My beloved Kobe died today and my heart is breaking. Kobe was my buddy, my shadow, the most wonderful cat I've ever had. He wasn't so friendly to other people until he knew them for a while. He knew my Bill for more than seven years and only sat on his lap a couple of times (one being just last week), although he slept on his head once (photo below). So cute.
But he was madly in love with me, it was as if he wanted to be attached to me. As soon as I sat, anywhere, he'd jump into my lap. I'm not a person who sits in one place for very long but he'd stay as long as possible (forever, if he could) and when I'd start to get up he'd whine, and then as I walked by him he'd bat at me, as if to say, "Hey, I'm not done here."

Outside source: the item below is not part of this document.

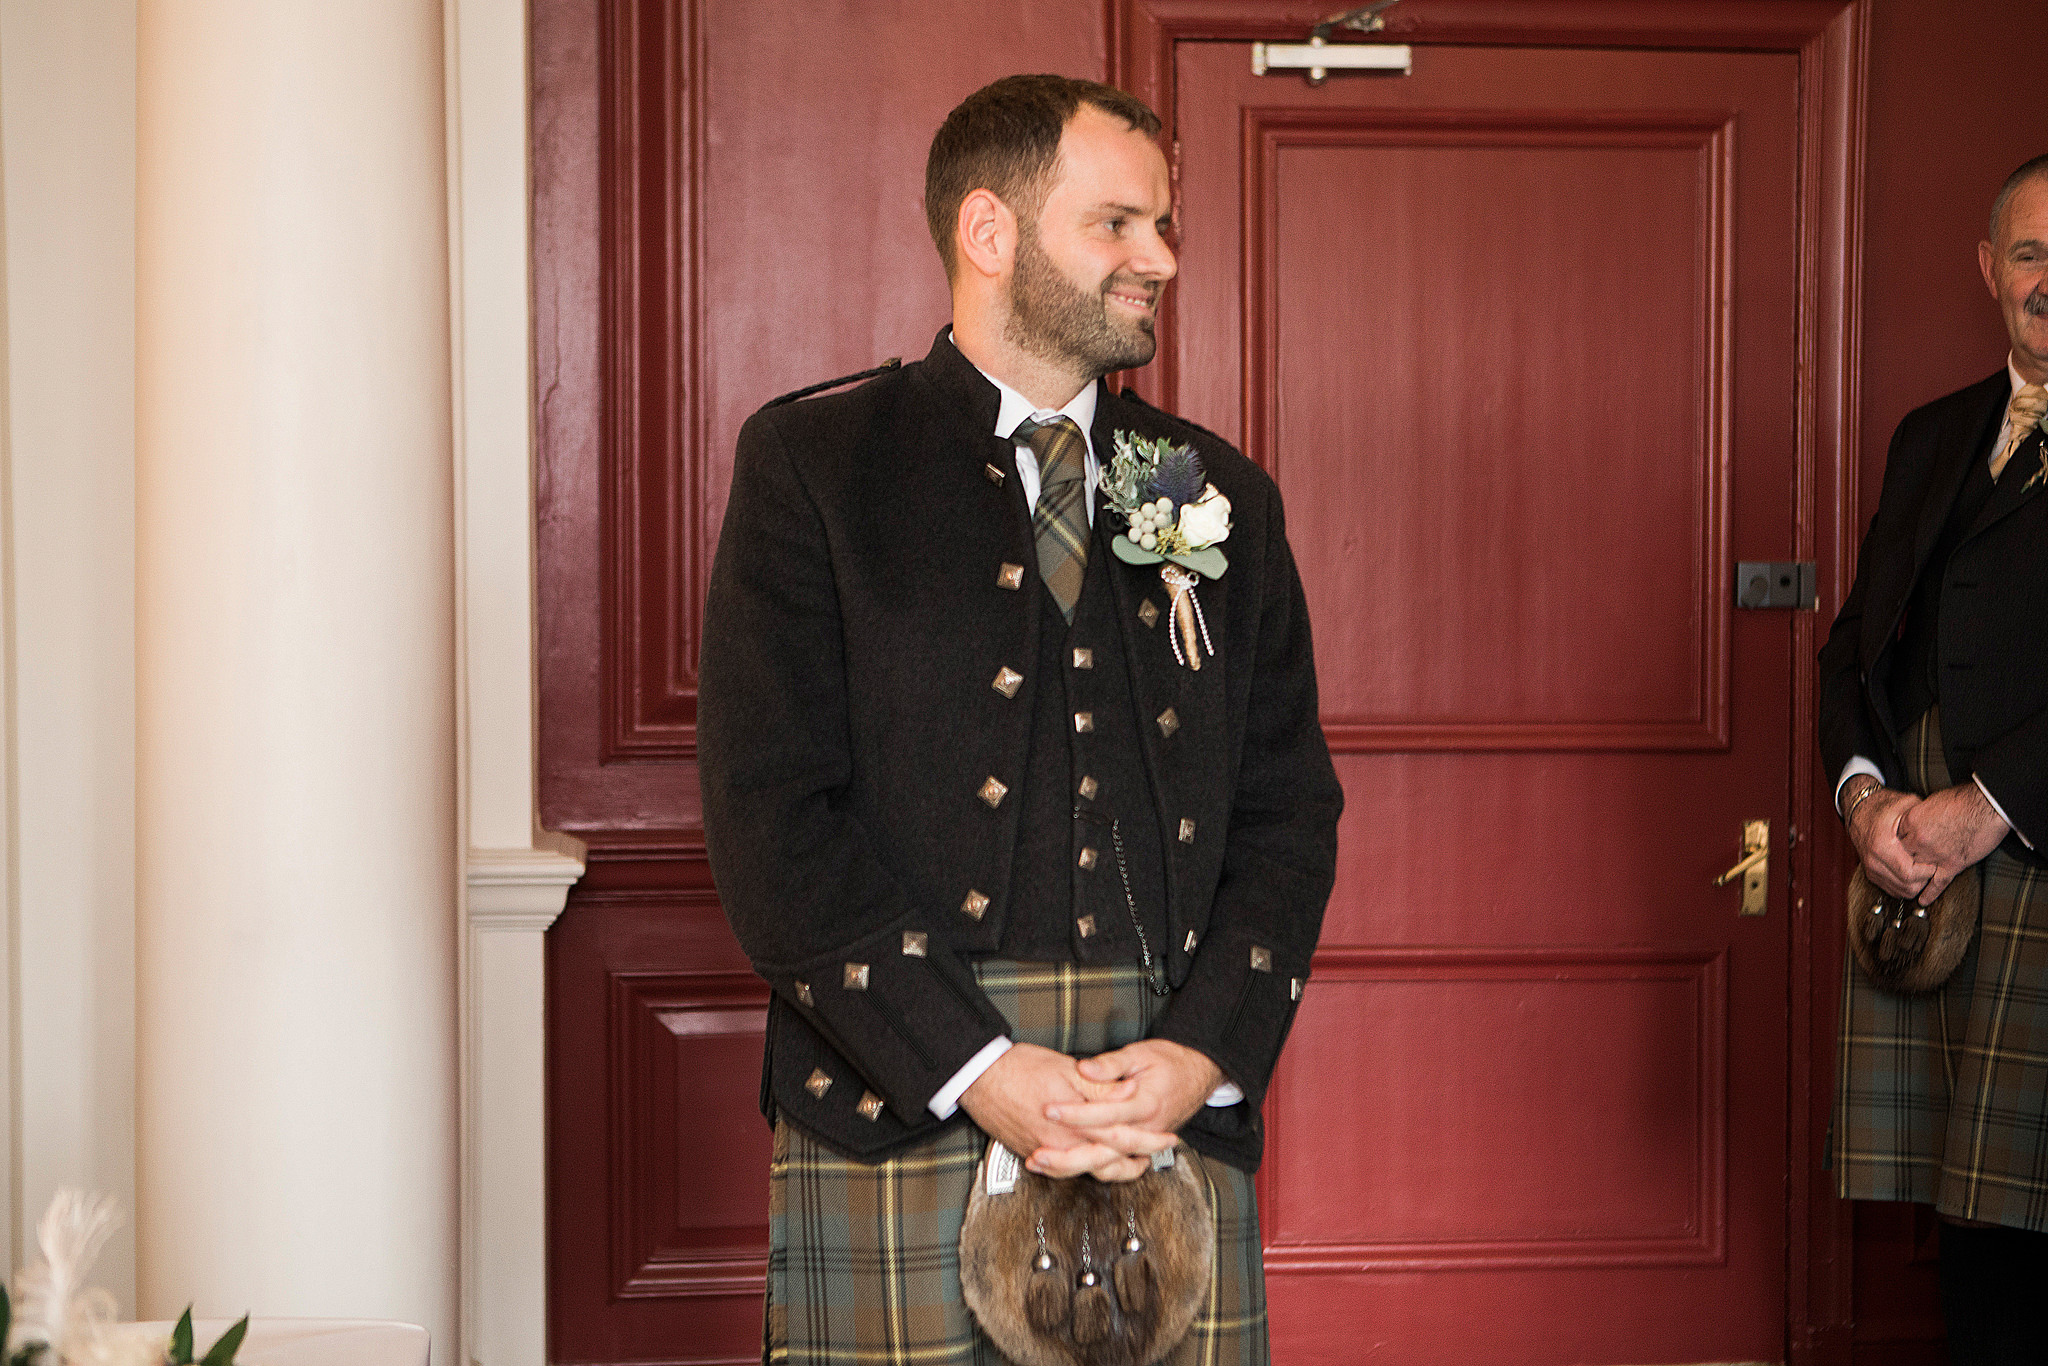 069-wedding-photography-peebles.jpg

After I lost my last cat Benson twelve years ago I thought maybe I wouldn't get another cat, I thought it might be nice not to deal with all the cat hair and the litter tracked everywhere. But it felt so lonely in my house that after a couple weeks I went to the shelter looking for an older cat, at least a year old, because that kitten stage can be so trying, even though there's nothing more irresistible or adorable.
I wandered around the shelter, talking to the people who worked there and listening to their descriptions of the various personalities. And then I walked by a cage with a little black kitten who meowed and put out his paw to me. "Hey, here I am. Take me."
That was my Kobe. So much for getting a year-old cat.
Until about a week ago he stood on the bed every morning when I got up and meowed and put out his paw to me, just like he did when he was a baby.
To people who've never had cats and who think they're very snooty and aloof I can tell you they're not. They're independent, yes, but they're loving little buddies. How could there be anything better than a cat curled up in your lap, purring like a lawn mower?
It's very sad and empty in my house tonight and my heart is breaking.